Instead, I lift my knuckles to the door and knock. “Olli? Let me know you’re okay at least?”
“I’m fine.” His words drift through the door so soft and low I wonder if I imaginedthem.
They’re not him. Not at all. Not the bright, beautiful, sunshiny Aspen I know.
“No, you’re not.” I push the door open without thinking. That voice is just so broken, like shattered shards scratching against my soul, like someone begging for help without wanting anyone to know how desperately they’re reaching out.
The room beyond the door is dark, nearly pitch, the curtains drawn tightly against the bright morning sunshine outside. It’s neat, if a little minimalist—a desk against the wall beneath the window, closed closet doors to the right, bed wedged into the corner against the left.

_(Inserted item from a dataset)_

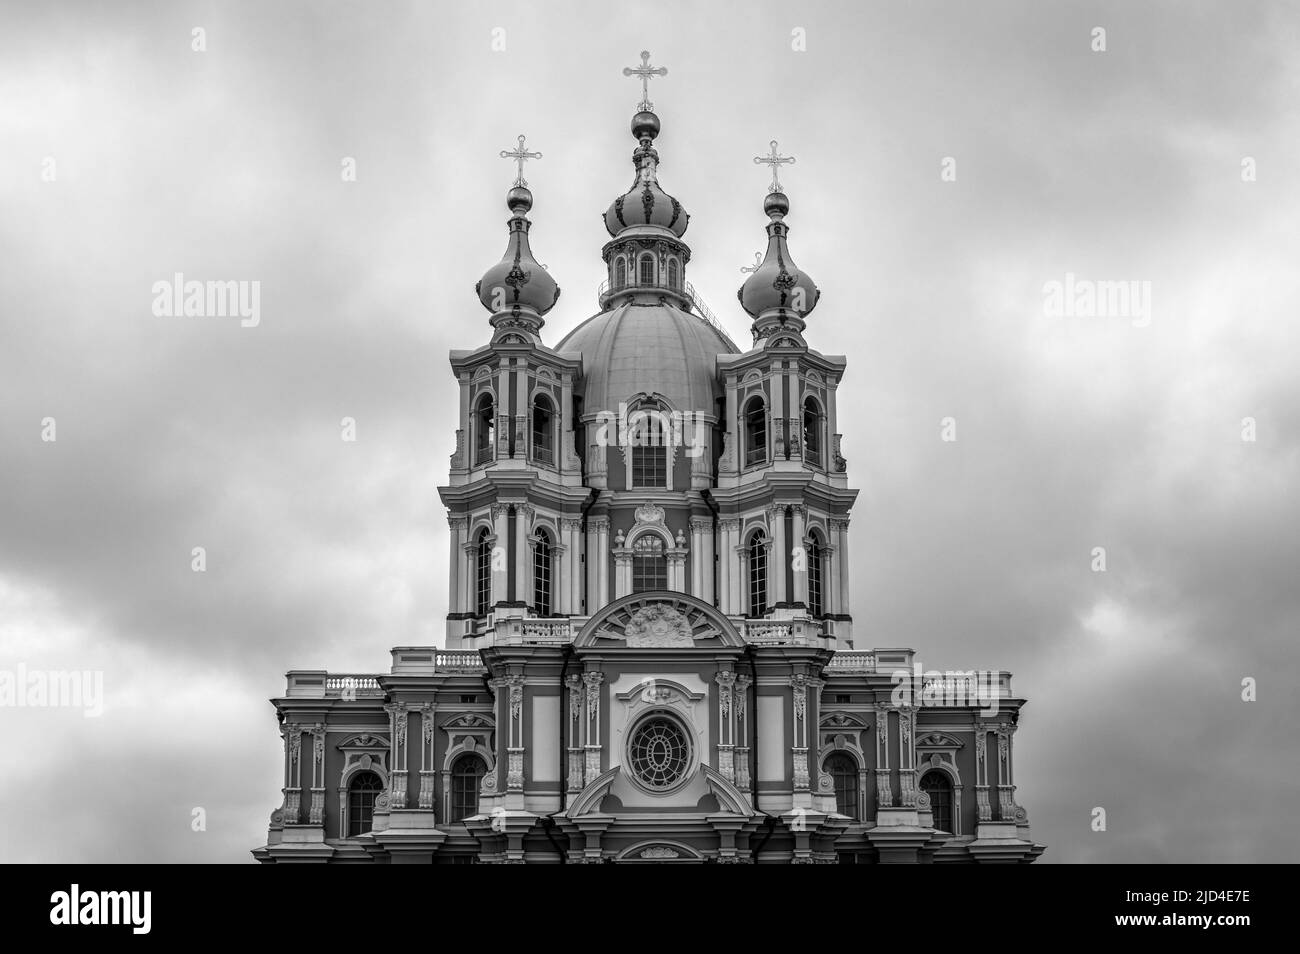 Couvent de Smolny de la Résurrection contre ciel nuageux. Saint-Pétersbourg, Russie. Noir et blanc. Banque D'Images
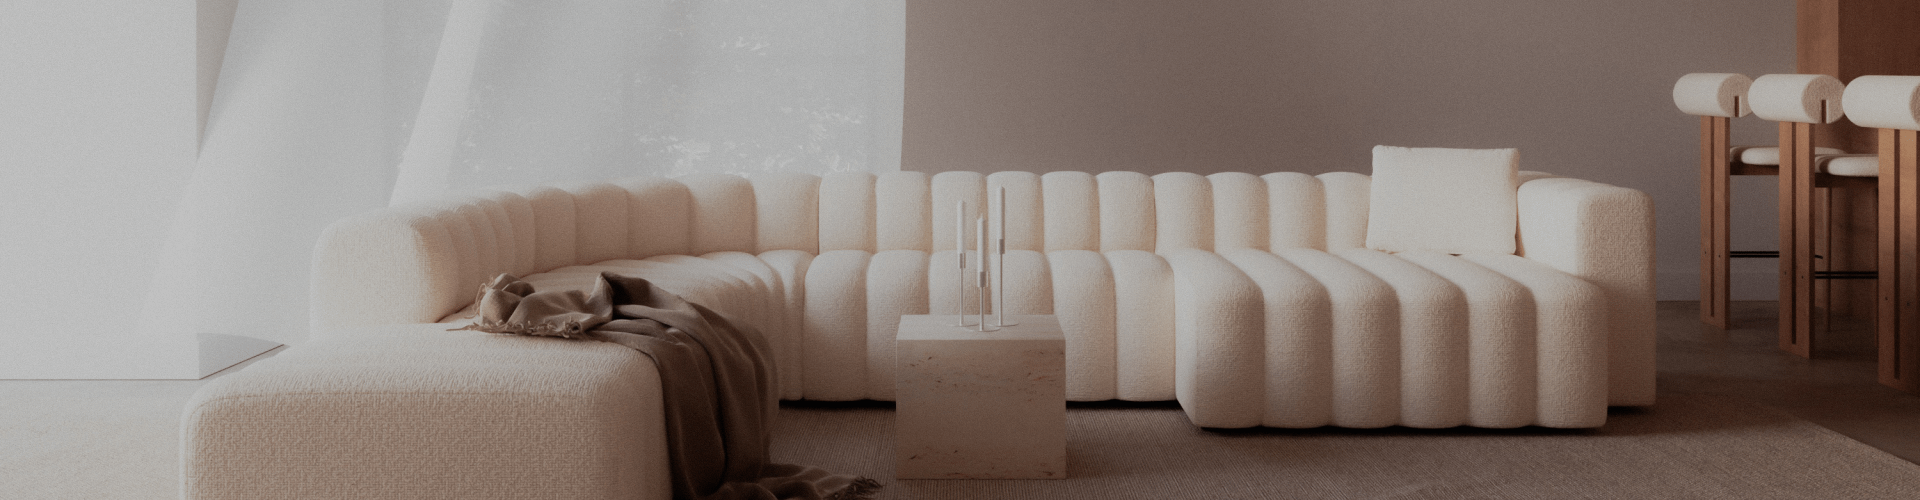 Un sofá blanco en una habitación bien iluminada con muebles de diseño alrededor.

A discarded pair of pants and T-shirt lie on the floor beside the bed. And in the bed, bundled beneath a bright paisley quilt, lies Olli James. Curled in on himself in a tiny ball, his eyes open and out of focus, staring into the abyss of the room like he’s lost the ability to see.

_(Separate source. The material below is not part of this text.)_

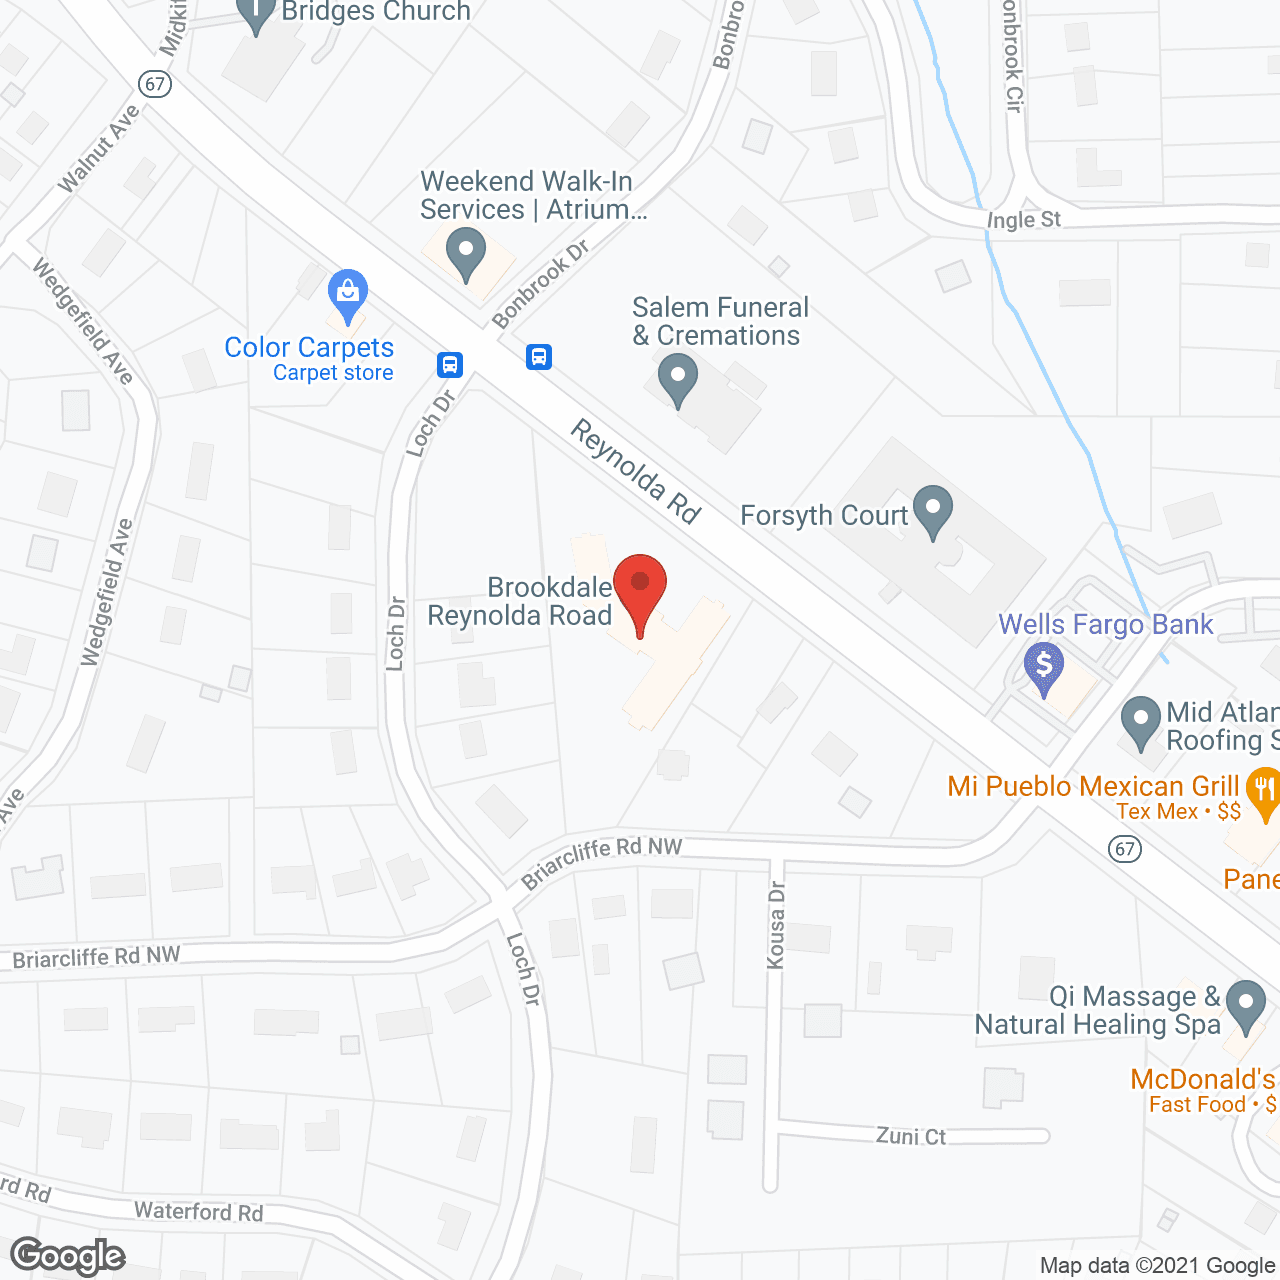 Brookdale Reynolda Road in google map
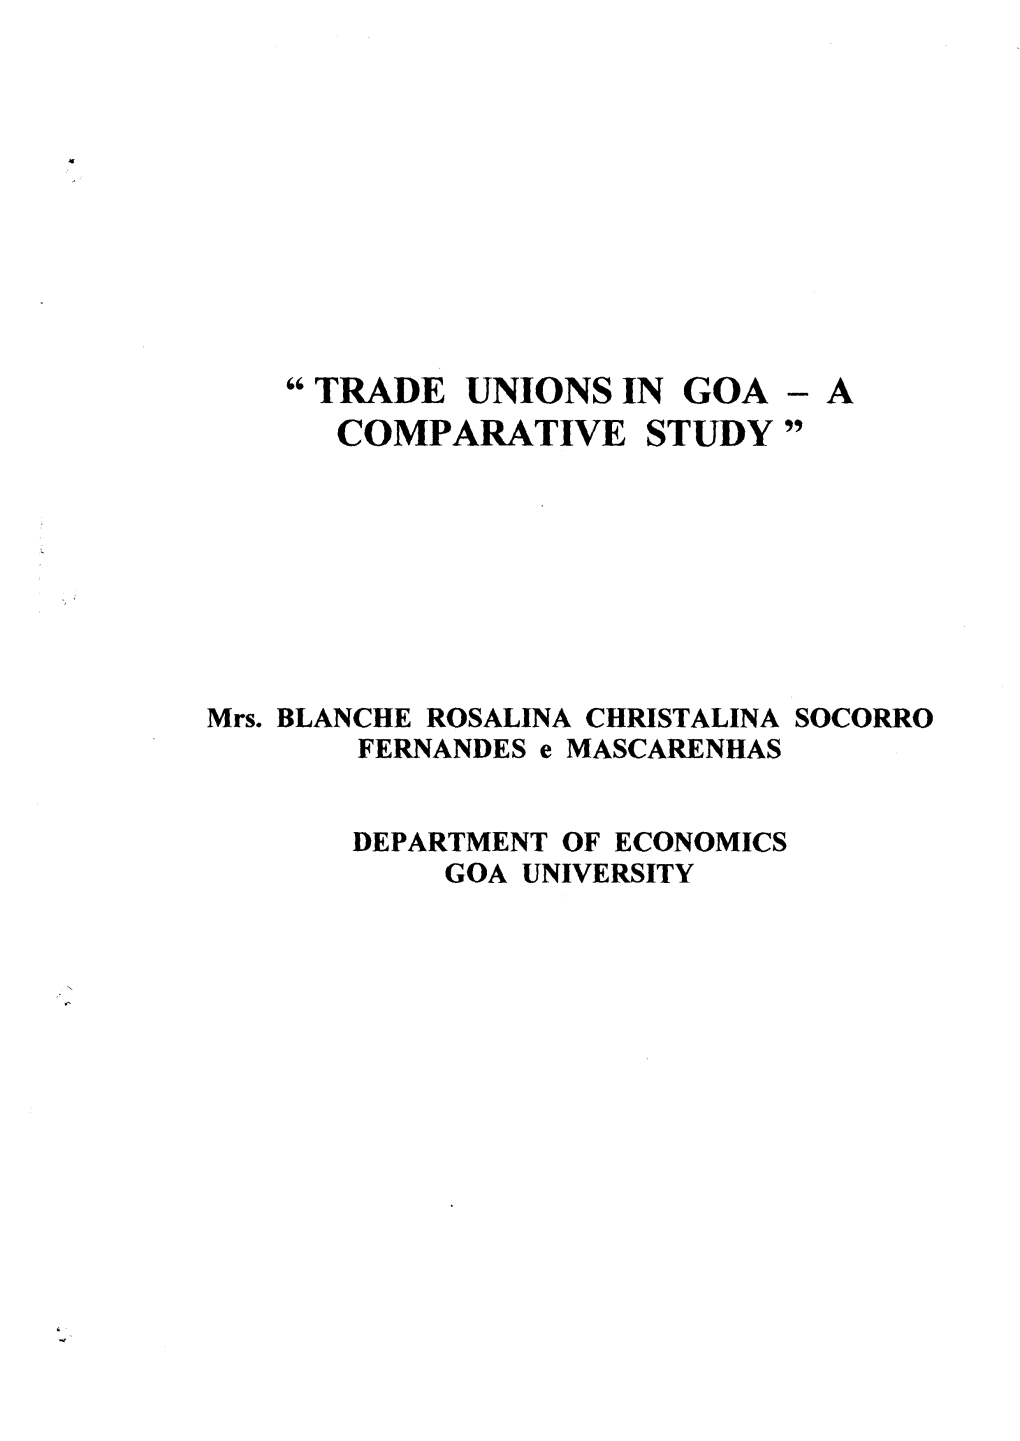 " Trade Unions in Goa - a Comparative Study "

Olli James. Aspen. The ghost I never want to stop haunting me.
He doesn’t even look up at me. “Go away.”
“Oh, little ghost,” I breathe, and I’m not thinking anymore, not questioning. There is only him, lying there, ashen and limp and lifeless, like he’s barely clinging to life, to his own breath. Truly a ghost. “What’s wrong? What happened?”
His eyes stare at nothing. “Nothing happened.”
The words shatter against me, hard and cold, rough and ragged, maybe not intended to cut but certainly not softened to prevent such injury. I’m at his side in an instant. Kneeling beside the bed, trying to read the empty lines of his face. “Are you sick? Hurt?”
“No.”
My mind struggles to make sense of what I’m seeing. “But you weren’t at practice today.”
“No. I can’t skate.” The words fade to a murmur. “Not like this. Why do you think no teams want to keep me?”
My chest clenches like someone’s wrapped a giant fist around my heart and squeezed. “How about a walk, then?”
“No.”
“But you love being out in nature.” I inch closer. He looks so unlike the Olli I know—the Olli that’s fire on the ice, that’s alive in the woods, that’s laughter at bars—it leaves me breathless. The covers bunch under his chin, but one of his hands extends off the side of the bed, poking through the warmth and protection of that blanket.
“Go away.”
Without thinking, I reach out to brush my fingers against his palm. He shudders under my touch, starts to withdraw—
“Oh, little ghost,” I whisper, and he stops short.
“What did you call me?”
“Little ghost,” I murmur, and when my eyes lift from his hand, pulled halfway back under the blankets, to his broken, empty face, he’s looking at me now. “Because you haunt me. Because I can’t tell you to go away. Because I don’t want to.”
He says nothing, but the covers lift in a deep breath, and his eyes stay fixed on mine.
“You want me to go?” I ask. “Tell me what you need first. I can’t leave you like this. Water? Food? When was the last time you ate?”
He just stares at me, like he’s seeing me for the first time.
“C’mon, Olli. Talk to me.” I start to rise. “I’ll make you some breakfast. Eggs? Everybody has eggs, right? And toast—”
“I don’t need anything,” he says finally, his voice toneless, raspy, like it’s been unused for weeks. “I just need to sit in the dark.”
I drop back down beside him.
“If you need to sit in the dark,” I murmur, my fingers tracing the lines of his palm, long beautiful, elegant lines, “then let me sit with you.”
“Mouse,” he whispers, and his eyes fade out of focus again, slide away. “I can’t be strong today.”